Computational investigation of silica-supported Pdn and Pdn(xO) nanoclusters

C. J. Lombard; C. G. C. E. van Sittert; J. N. Mugo; C. Perry; D. J. Willock

doi:10.1039/D5CP00164A

Computational investigation of silica-supported Pd_n and Pd_n(xO) nanoclusters†

C. J. Lombard,^a C. G. C. E. van Sittert,

*^a J. N. Mugo,^b C. Perry^c and D. J. Willock

*^d

Author affiliations

* Corresponding authors

^a Laboratory for Applied Molecular Modelling, Research Focus Area: Chemical Resource Beneficiation, North-West University, Private Bag X6001, Potchefstroom, South Africa
E-mail: cornie.vansittert@nwu.ac.za

^b Johnson Matthey Technology Center, Belasis Avenue, Billingham TS23 1LH, UK

^c Johnson Matthey Technology Center, Blount's Court, Sonning Common, Reading RG4 9NH, UK

^d Max Planck – Cardiff Centre on the Fundamentals of Heterogeneous Catalysis FUNCAT, Cardiff Catalysis Institute, School of Chemistry, Cardiff University, Cardiff, UK
E-mail: willockdj@cardiff.ac.uk

Abstract

Silica-supported Pd nanoclusters (Pd_n/SiO₂) are essential catalysts in methane oxidation for pollution abatement.
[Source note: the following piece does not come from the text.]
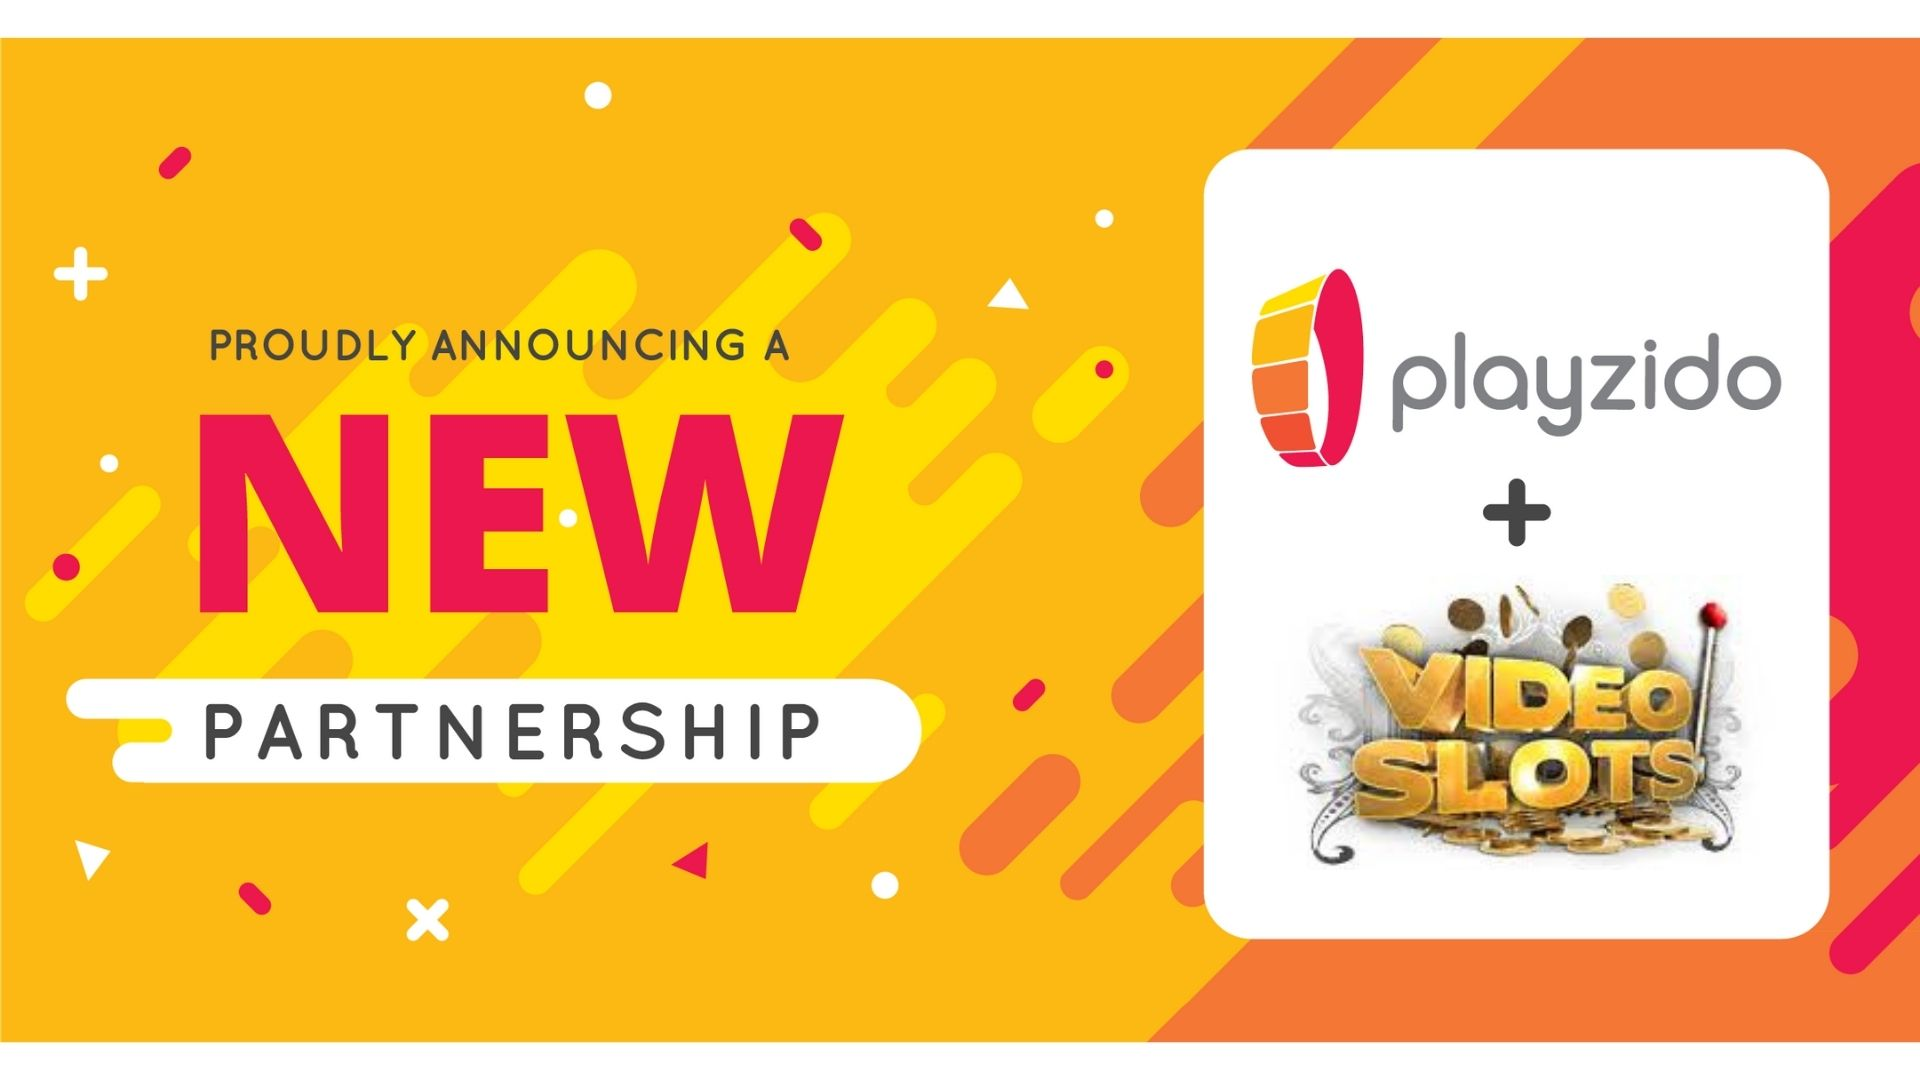 Playzido's portfolio of premium slots launch with online slot giant, Videoslots

These catalysts operate at high temperature for long periods exposed to the exhaust gases of combustion engines. For catalyst design to ensure the required longevity, insight into the interaction between nanoclusters and the SiO₂ surface is essential. Accordingly, there is a need for well-defined, computationally inexpensive, quantum mechanical models of these structures from which cluster support interactions can be understood. In this work, we have found that a strong adsorption site for a single Pd₁ atom on the hydroxylated α-SiO₂(101) surface can be formed when Pd adsorption is accompanied by the elimination of water. We show that this becomes a thermodynamically favourable process at the temperatures commonly used for calcination following catalyst synthesis using wet impregnation. Using this initial anchor point Pd_n and Pd_n(xO) nanoclusters are systematically constructed guided by the Mulliken charges of atoms at each stage. We then investigate the surface interactions of these Pd_n and Pd_n(xO) nanoclusters by considering the gas phase references of the same clusters. Our calculations show stability varies according to cluster size. Oxidation of the clusters leads to a weakening of cluster–surface interaction.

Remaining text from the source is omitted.